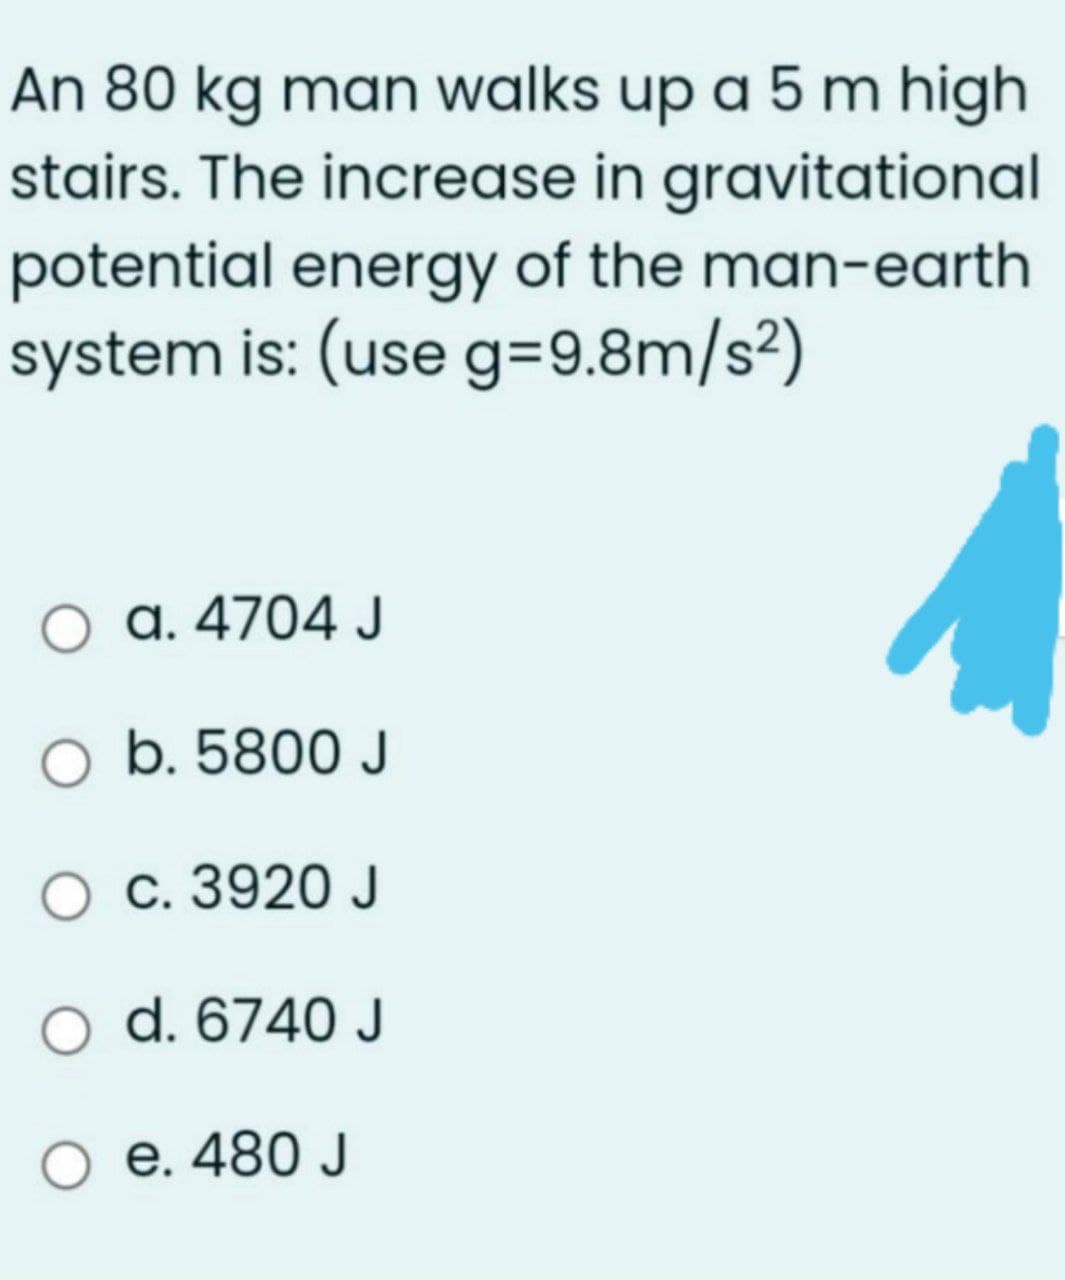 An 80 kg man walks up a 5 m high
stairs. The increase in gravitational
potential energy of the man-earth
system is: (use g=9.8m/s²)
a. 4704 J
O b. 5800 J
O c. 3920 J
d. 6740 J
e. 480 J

WORK ORDER - Leave the pictures out and reproduce every record above exactly.

OUTPUT FOR THIS EXERCISE -
 An 80 kg man walks up a 5 m high
stairs. The increase in gravitational
potential energy of the man-earth
system is: (use g=9.8m/s²)
a. 4704 J
O b. 5800 J
O c. 3920 J
d. 6740 J
e. 480 J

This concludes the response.